# Pope: 'There Is No Hell'



## RedLion (Sep 23, 2015)

Says the false commie prophet on his way to the nether regions.



> In another interview with his longtime atheist friend, Eugenio Scalfari, Pope Francis claims that Hell does not exist and that condemned souls just "disappear." This is a denial of the 2,000-year-old teaching of the Catholic Church about the reality of Hell and the eternal existence of the soul.

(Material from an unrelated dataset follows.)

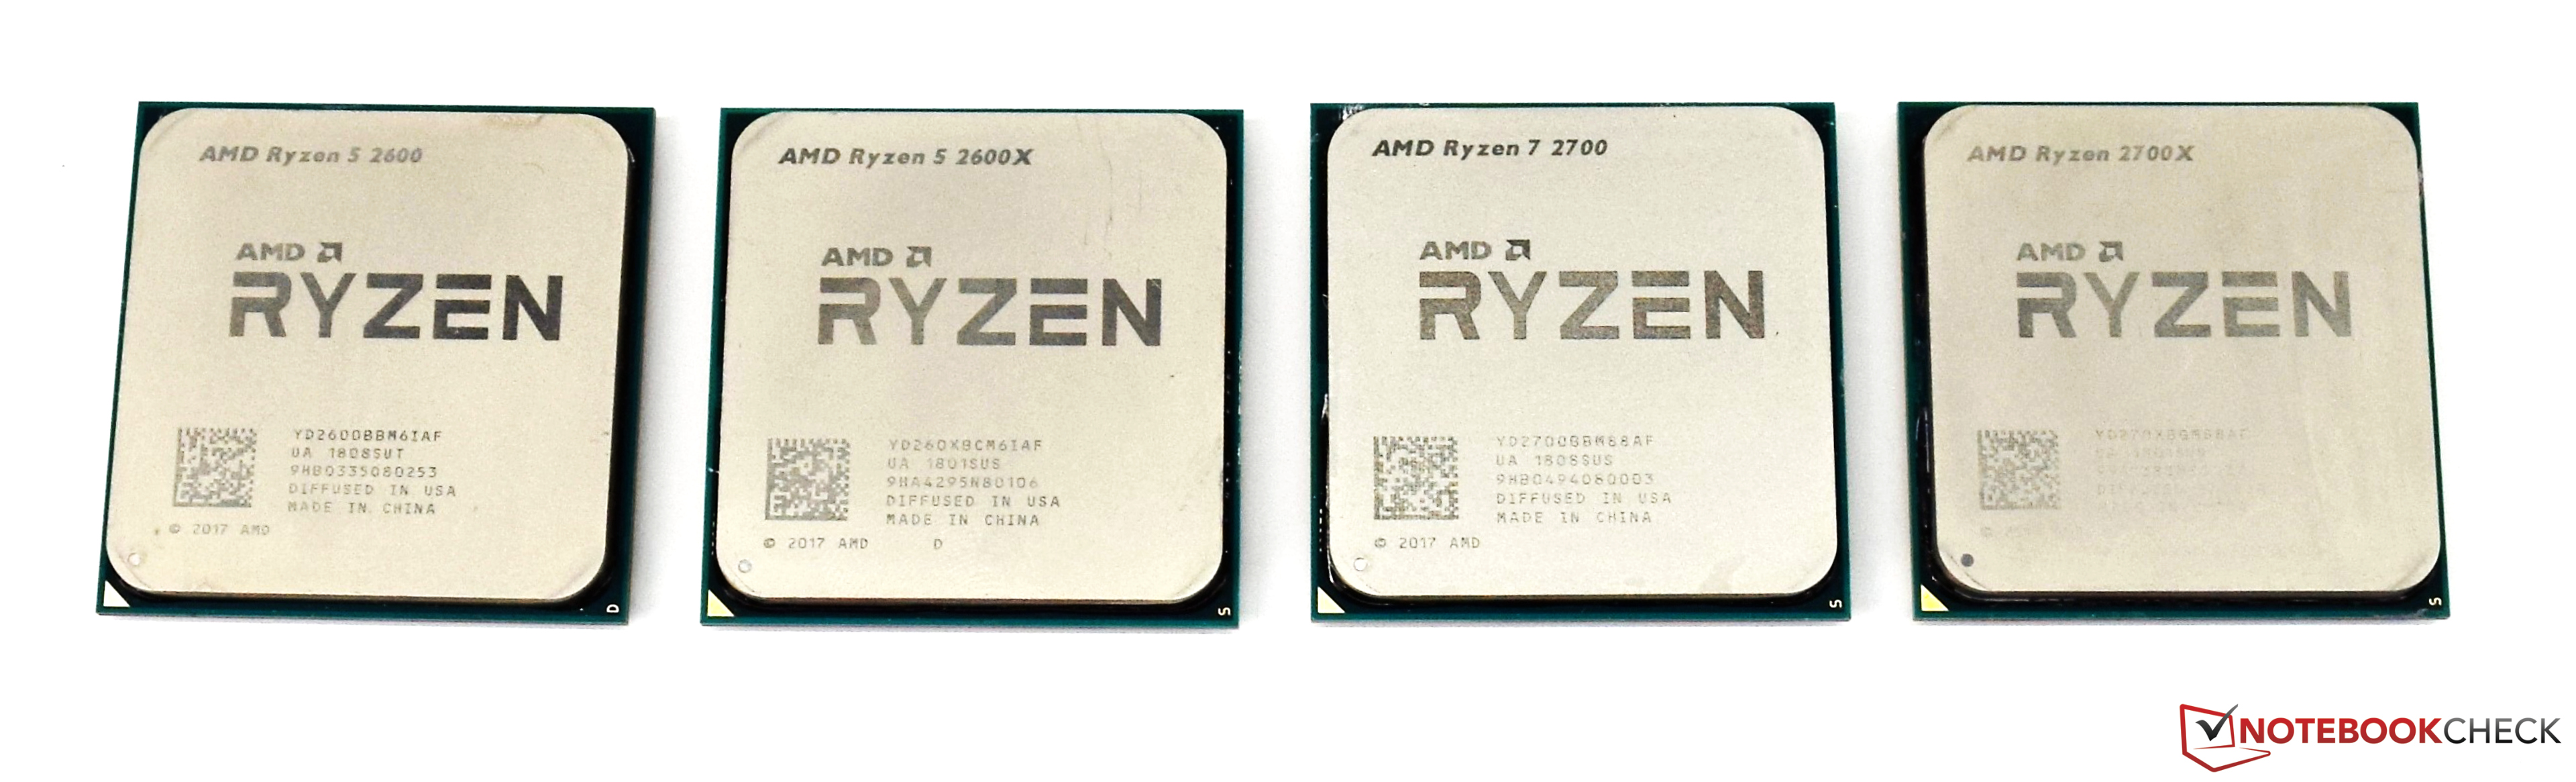 Amd ryzen сколько ядер. AMD Ryzen 5 2600. Процессор АМД райзен 5 5600х. Архитектура Ryzen 5 2600. Hexa Core Ryzen 5 2600.

https://www.cnsnews.com/blog/michael-w-chapman/pope-francis-there-no-hell


----------



## azrancher (Dec 14, 2014)

Whew...

*Rancher*


----------



## Kauboy (May 12, 2014)

This man had such great potential.

He started out from a point of complete humility. He fed the hungry as a priest. He continued to do so as pope, sneaking away in normal priestly garb so as to not be recognized. He washed the feet or prisoners, and was the first Pope to ever wash a female's feet. He addressed and rebuked the priests who have preyed on young boys instead of ignoring it as past popes have done. He opened the financial records for the Vatican bank, which had been sealed from public eye for, I think, centuries.
I thought they'd finally picked a decent man.

That has all changed now.
May God forgive the poor souls who follow this false teacher.


----------



## RedLion (Sep 23, 2015)

The man has been false prophet and bought and paid for globalist since day one as Pope. He unquestionably follows the One World Order playbook.


----------



## NKAWTG (Feb 14, 2017)

To carry this his thought to a final conclusion (which I do not subscribe to), if there is no hell, then there can be no heaven and no heaven = no God.
I find it hard to understand how he can take several thousand years of biblical references to hell and just chuck it.


----------



## Stockton (Jun 21, 2017)

Dude's never been to California !


----------



## RedLion (Sep 23, 2015)

NKAWTG said:


> To carry this his thought to a final conclusion (which I do not subscribe to), if there is no hell, then there can be no heaven and no heaven = no God.
> I find it hard to understand how he can take several thousand years of biblical references to hell and just chuck it.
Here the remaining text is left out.